The problem is that the stakes are just too high. They are high enough to ensure, assure or insure complete compliance from me whichever is the proper word there. I know better than to try concentrating against the brain fog. Avoidable pain lies along that road and I do my best to avoid such pain. I do not understand why a society believes that someone who endures pain like mine would do anything to risk his access to that which helps it stay tolerable most of the time. I do not know why society believes that the slight chance I could be lying about my pain and selling my medication is worth the inevitable result where someone gets the wrong false positive from the wrong doctor and is sentenced to a life of torture.

That wasn't supposed to end up as a rant. It's just that this sinus thing on top of my regularly scheduled episodes of extreme pain scares the hell out of me. I trust my doctors. If my doctors turn up a false positive on me (and it has happened), they double check the result and schedule me for a repeated test sooner than usual. A few weeks ago, my face was on fire along with the bone structure beneath the skin. The back of my head hurt as badly as it might on a normal sort of bad day so I needed my cold pack in order to lean back in my recliner. I needed that on the back of my head and nothing seemed to help the front of my head. Even falling asleep with my meds and some herbal tea left me feeling worse.

Thank God for Melissa. I call her my beloved for reasons that would be obvious if you knew her and I call her my pain coach because she has a good head for these things. She came home from work with cold and sinus pills that the pharmacist declared safe with my other medicines. It turns out that those pills in combination with my meds and enough sleep is sufficient for me to feel better. The most difficult part of this is getting enough sleep. The last time something even close to this happened to me, I left for a beach vacation where I slept almost eight hours each night with an afternoon nap. The pain crisis just disappeared.

Therefore, I should be sleeping right now and I'm not due to circumstances (a little) beyond my control. Why am I in a good mood? (This is a good mood? Yes. Considering the pain that's just settling in for the day, this is a great mood.) I'm in such a good mood because an unexpected message from an old friend contained unintended wisdom. Her words work in or out of context and either quoted or paraphrased. Let's try out of context paraphrasing so she keeps in touch. Others have told me similar things but wisdom can be all about the timing.

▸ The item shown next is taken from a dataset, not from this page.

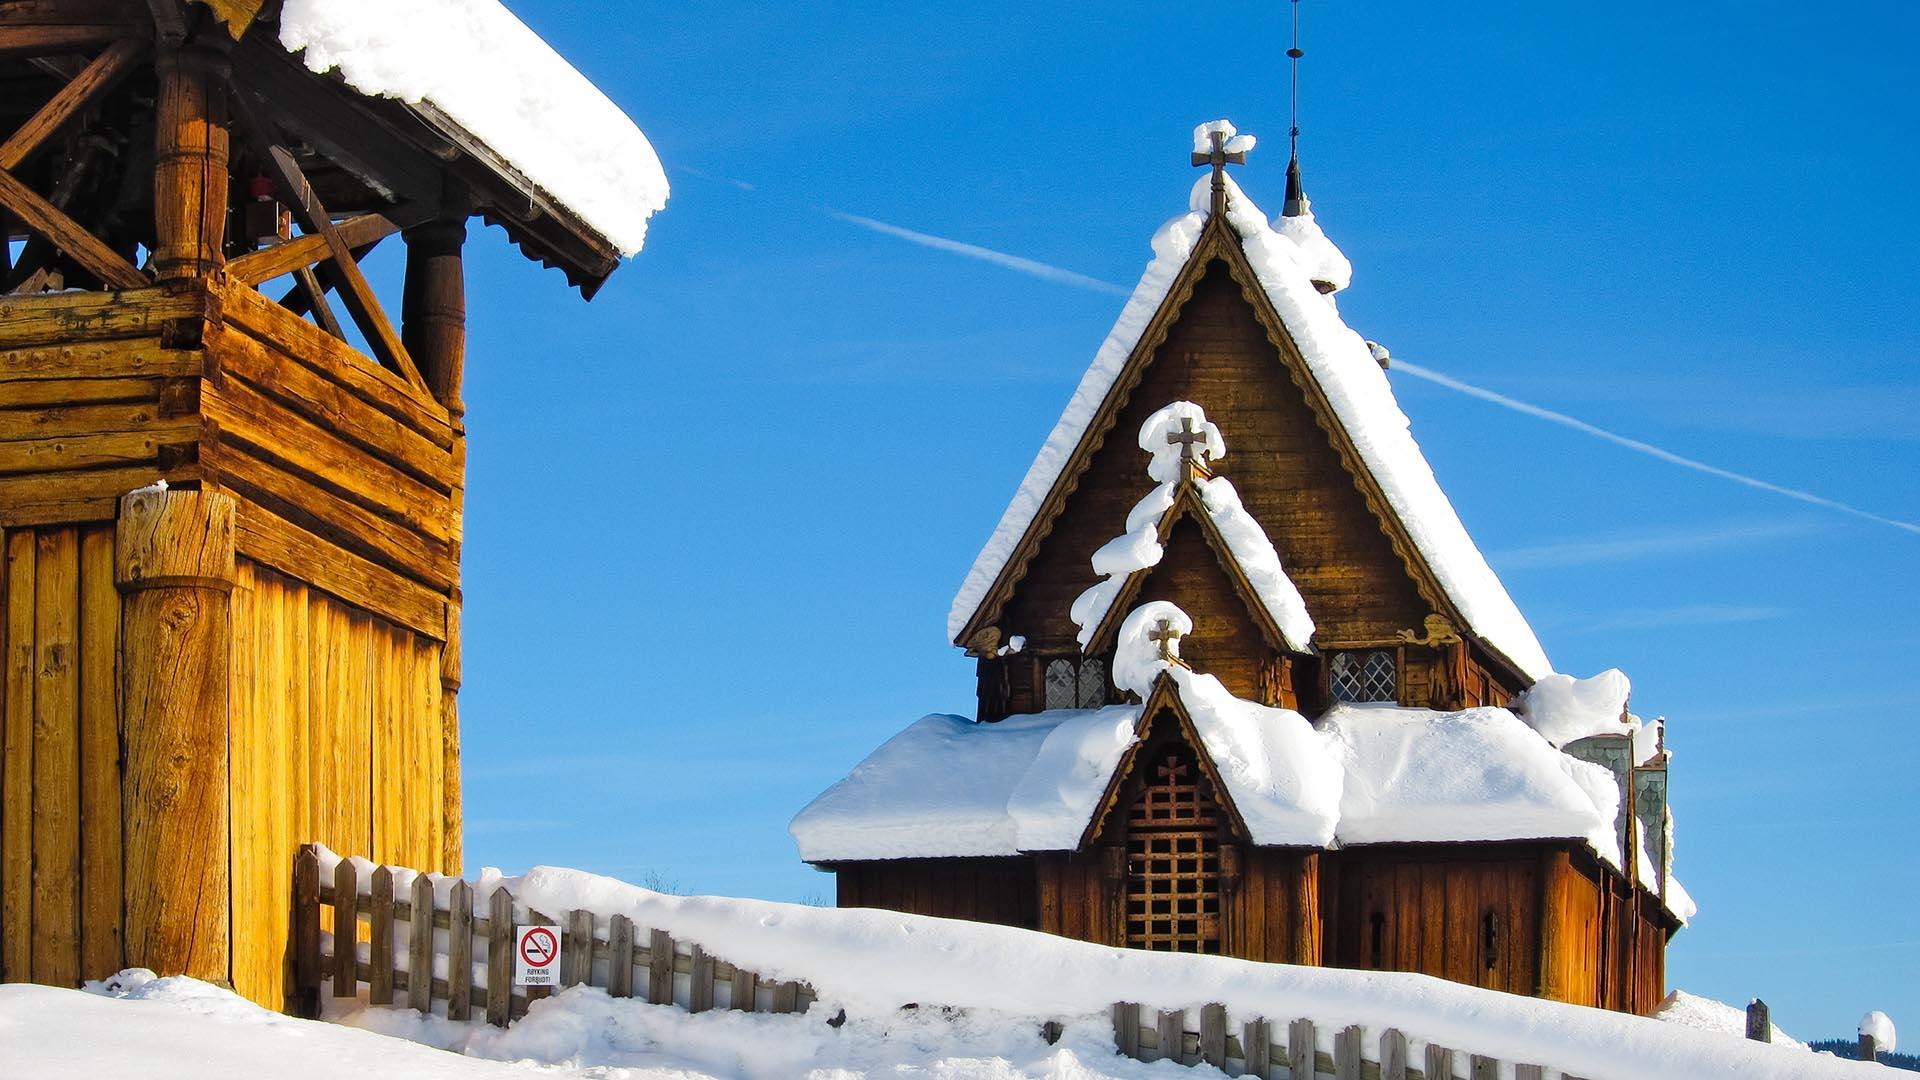 A stave church in the snow on a clear winter's day. The belltower can partly be seen in the forground.
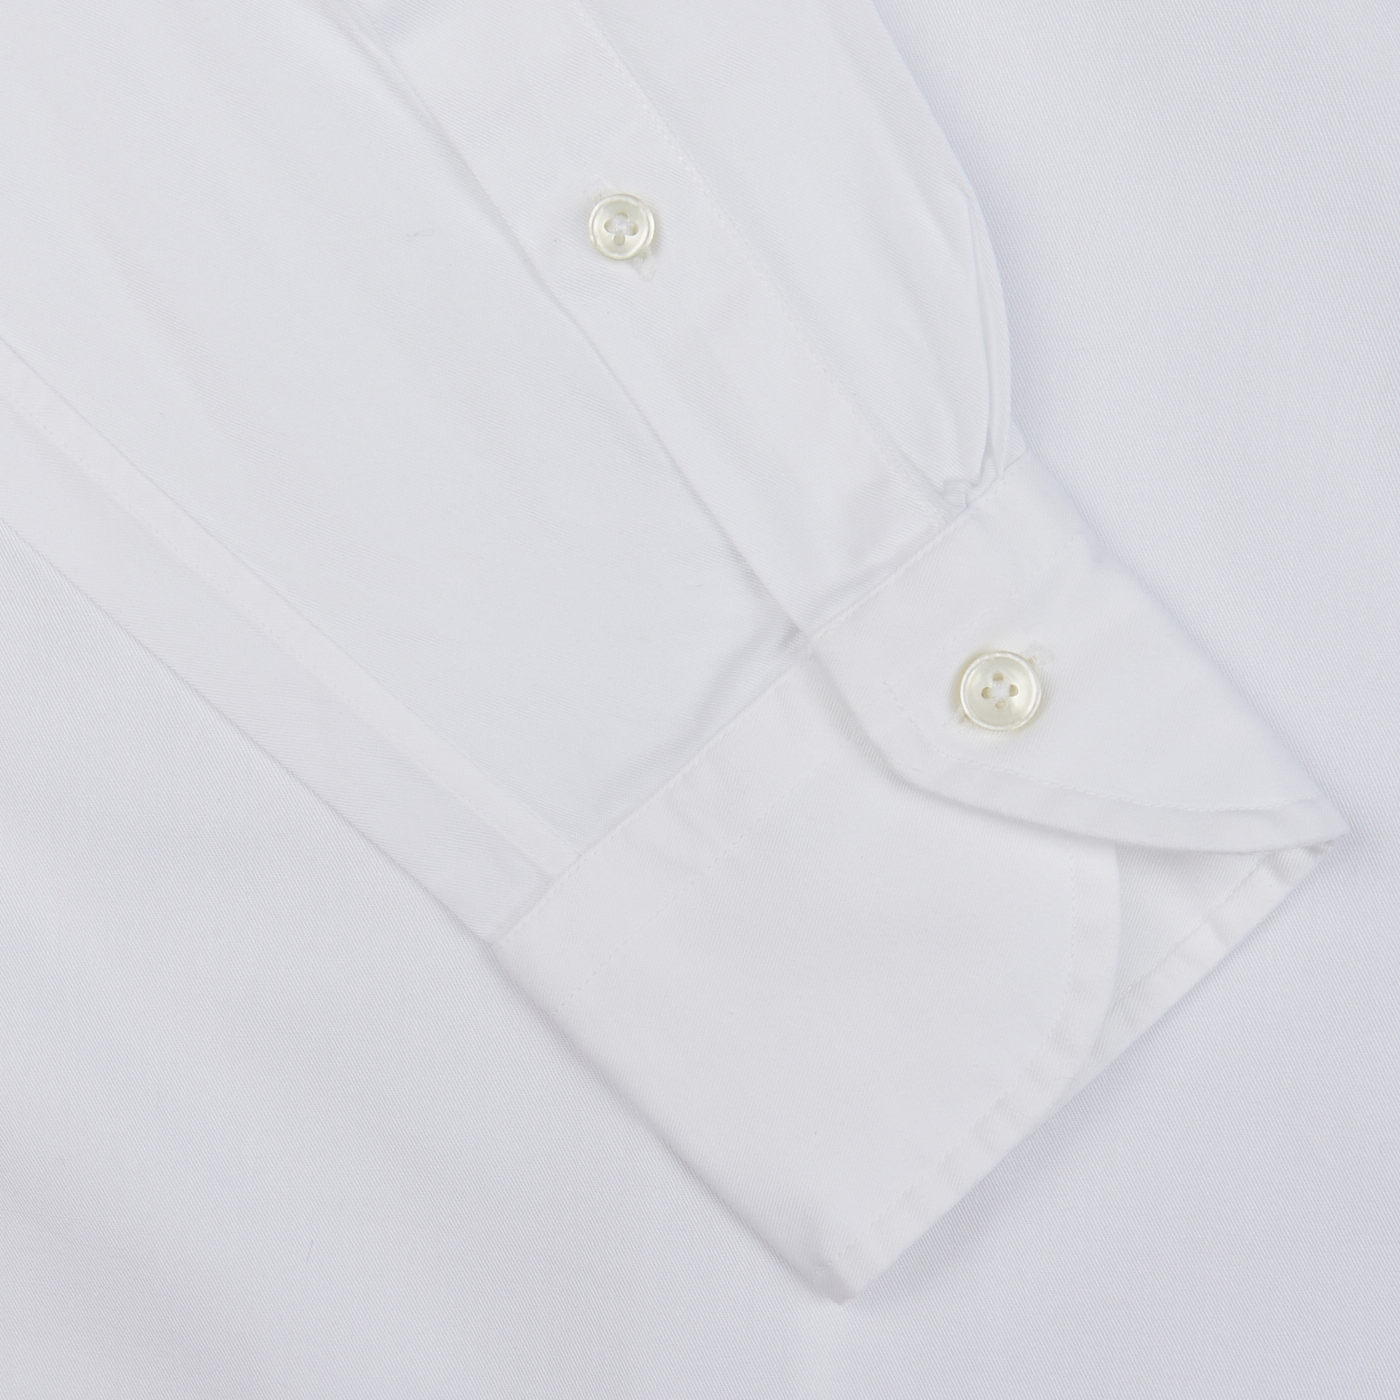 Close-up of a Xacus White Cotton Twill Tailor Fit Shirt cuff with buttons on a white background.

Dealing with a lifetime of pain requires taking it day by day and working at it. I have my high energy days (well, nights mostly) and my low energy days. The same thing applies to pain levels. Each day will throw a set of circumstances beyond my control at me. All I can do is take it day by day working with each set of circumstances and using them. I couldn't sleep overnight because I was knocked out all day yesterday so the exhaustion is kicking in now with the pain. I need to take the sinus medication and deal with the massive amount of water required to take them and work at shaking this infection despite the fact that I'd rather be working on fiction writing. I must sleep and deal with the nightmares so that I can feel better enough to work on my other dreams also known as aspirations. Aspirations are not the result of aspirating which is nowhere near as much fun.

If I'm willing to make that joke, sleep must be coming soon.